Figure 1 shows the intraoperative site of a contralateral transfer, with the accessory nerve as the donor, in preparation for a biceps muscle reconstruction. The graft is transferred subcutaneously and the distal end is marked with vascular clips.
Figure 2 shows regenerating axons present within a transverse semi-thin section that was prepared from the biopsy specimen taken from the distal end of the nerve.
The clinical evaluation for elbow flexion and extension as well as finger flexion and extension (Table 2) was performed 1.5 years post-surgery by an examiner who was independent of the surgeon in accordance with the MRC scale [10]:
- M0: No contraction;
- M1: Flicker or trace of contraction;
- M2: Active movement with gravity eliminated;
- M3: Active movement against gravity;
- M4: Active movement against gravity and resistance;
- M5: Normal power.
Patients were categorized according to the length of the nerve graft that was used (see Table 3).
3. Results
Ipsilateral donor nerve transfer was performed in 124 cases, of which the accessory nerve was used in 61 cases, the pectoralis minor nerve in 59 cases, a divided phrenic nerve in 3 cases, and the hypoglossal nerve in one case. Contralateral donor nerve transfers were used in 84 cases, of which the accessory nerve was used in 21 cases, the medial pectoral nerve in 20 cases, and the C7 motor nerve in 43 cases (see also Table 1).

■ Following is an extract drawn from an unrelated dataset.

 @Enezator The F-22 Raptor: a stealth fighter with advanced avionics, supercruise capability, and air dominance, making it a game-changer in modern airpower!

Depending on the patient’s anatomy, serial grafts were required for a graft length of greater than 45 cm. This was necessary in 11 cases: 8 patients from group 4 and all 3 patients from group 5.

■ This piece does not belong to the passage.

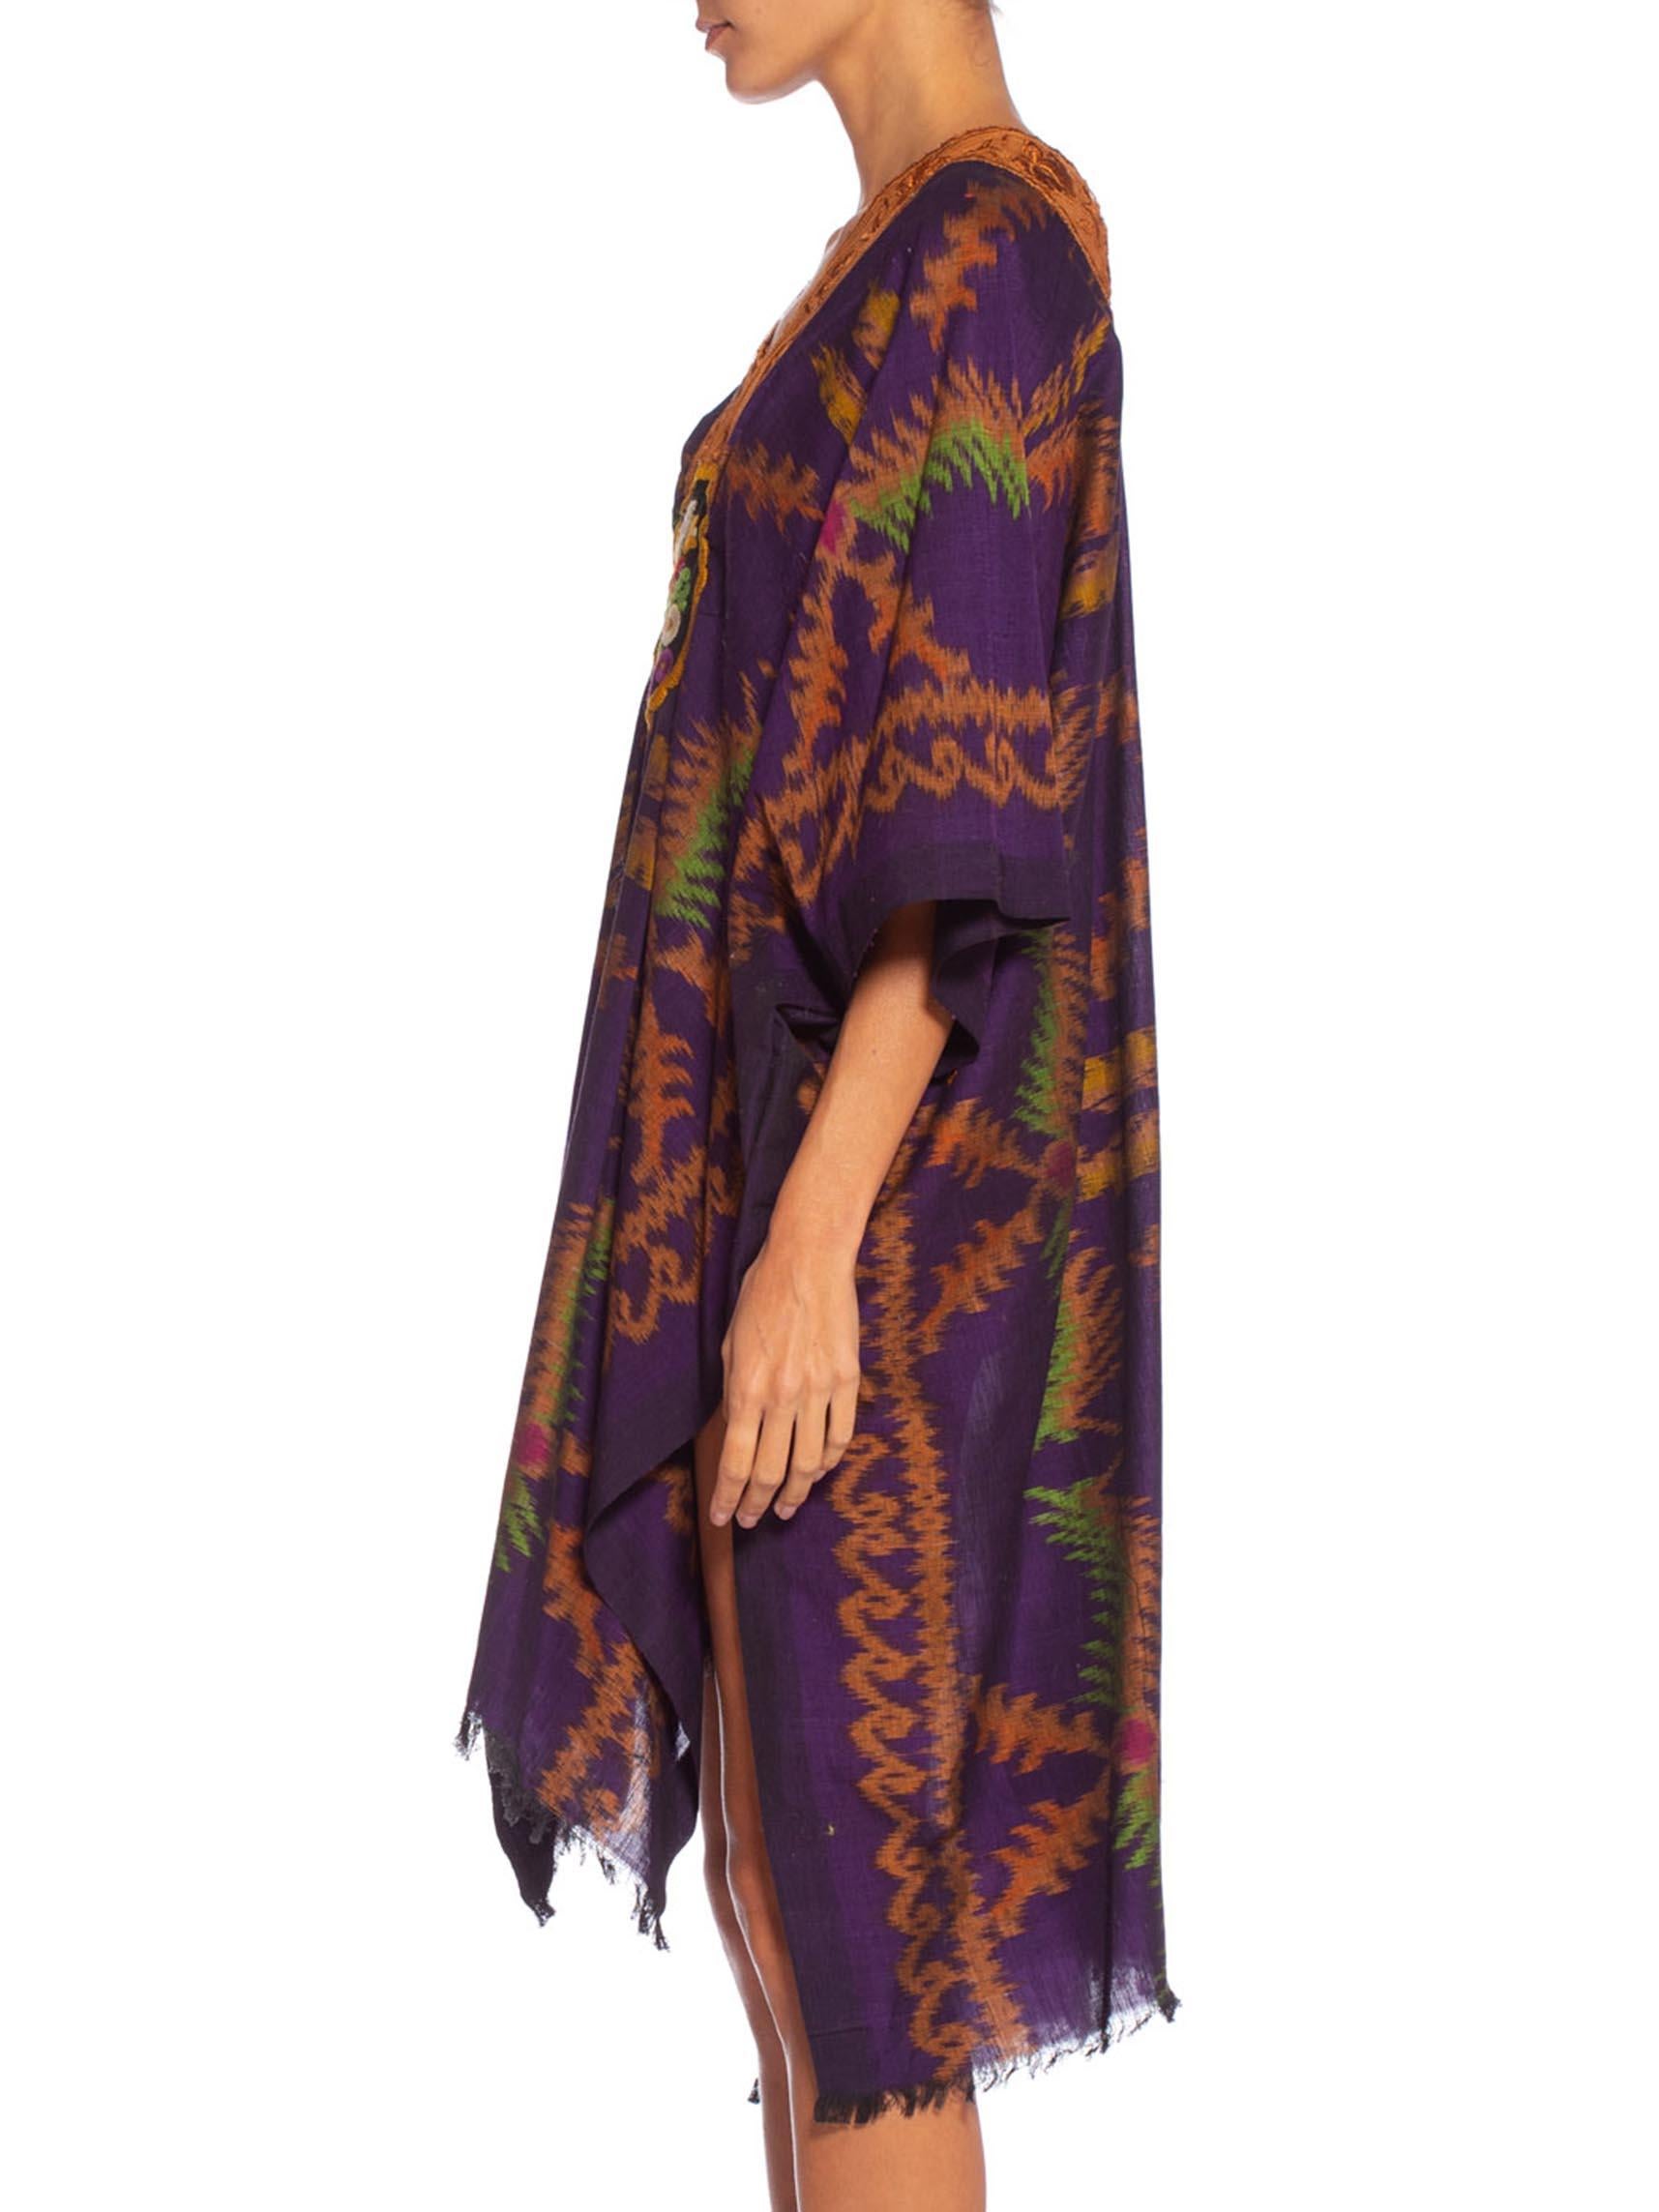 MORPHEW COLLECTION Purple & Brown Silk Ikat Kaftan Handmade With Victorian Lace For Sale 1

Meaningful motor recovery [11] was achieved in all groups except group 5. The best motor recovery was generated by direct coaptation, with 45% of patients achieving a score of M4. When using a nerve graft, the results were marginally worse, but even following the bridging of large distances (i.e., group 4, 30–60 cm), the majority of patients (i.e., approximately 73%) achieved motor recovery levels of either M3 or M4 (Table 4).

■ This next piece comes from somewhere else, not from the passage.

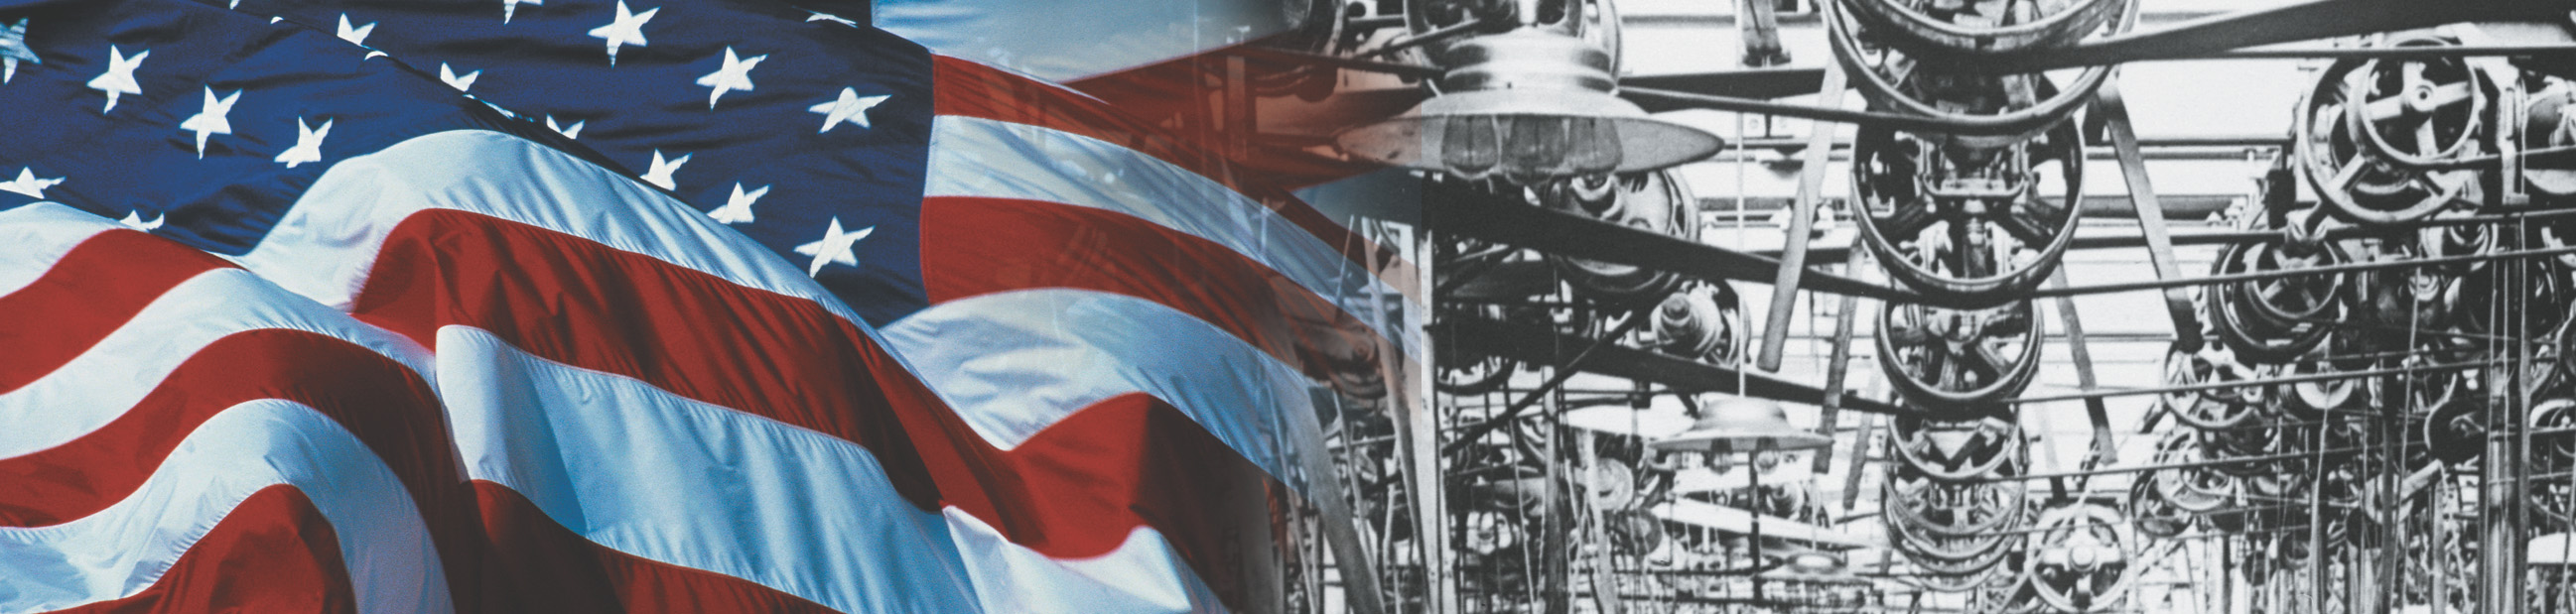 Banner: American flag and machinery

Of the 11 patients in whom serial grafts were used, 8 patients fell into group 4 (30–60 cm) and 3 into group 5 (60–90 cm), where a motor recovery level of M3 (group 4) was achieved in 2 cases. In the remaining nine cases, the degree of motor recovery was insufficient, being M1/M2 (Table 4).
4. Discussion
A majority of brachial plexus injuries are caused by road traffic accidents, mainly motorcycle accidents, resulting in polytrauma and, in a majority of cases, causing at least one root avulsion and also affecting the lower roots [12]. Such injuries with root avulsions where a contralateral nerve transfer is considered pose a particular challenge for surgical reconstruction, especially for reanimation of the hand due to the long distances that must be bridged [13,14]. This is particularly the case when contralateral nerve transfers are required in conjunction with neurovascular free functional muscle transfers, where the motor branch of the muscle graft adds extra length (10 cm in a gracilis muscle graft). This has prompted the question as to whether there is a substantial loss of axons over the distance of a long transplant or whether axonal regeneration is sufficiently robust without significant axonal loss.
There is currently no imaging technique available that allows the intra-fascicular number of axons to be determined. A cross-sectional biopsy of a peripheral nerve will lead to complete destruction of the nerve. In the setting described here, the biopsy of the distal end of the nerve was performed to verify the success of nerve coaptation as a qualitative, rather than quantitative, examination prior to the planned muscle transfer. At present, there is only a clinical outcome that can answer the question of the regenerative potential of long nerve grafts. Our results demonstrate moderate (M3) to good (M4) regeneration in patients where long grafts have been used for nerve reconstruction. However, the prerequisite for such positive results is a vital graft bed without fibrotic scarring, as is generally the case with free tissue grafts. Even with meticulous surgical technique, some mis-direction of fascicles may occur at the coaptation site, causing a loss of regenerating axons [7,8]. Direct nerve suture provides better clinical results than transplantation, where a second coaptation site is present. This is confirmed by our data; the best clinical recovery was achieved when the motor branch of the muscle graft was directly coaptated to the donor nerve (i.e., group 1). With the use of a nerve graft (see groups 2, 3, and 4), two coaptation sites had to be overcome by regenerating axons, which still led to good clinical results. In contrast to this, only 2 out of 11 patients who received serial nerve grafts (i.e., three coaptation sites) achieved a return of motor function that reached level M3.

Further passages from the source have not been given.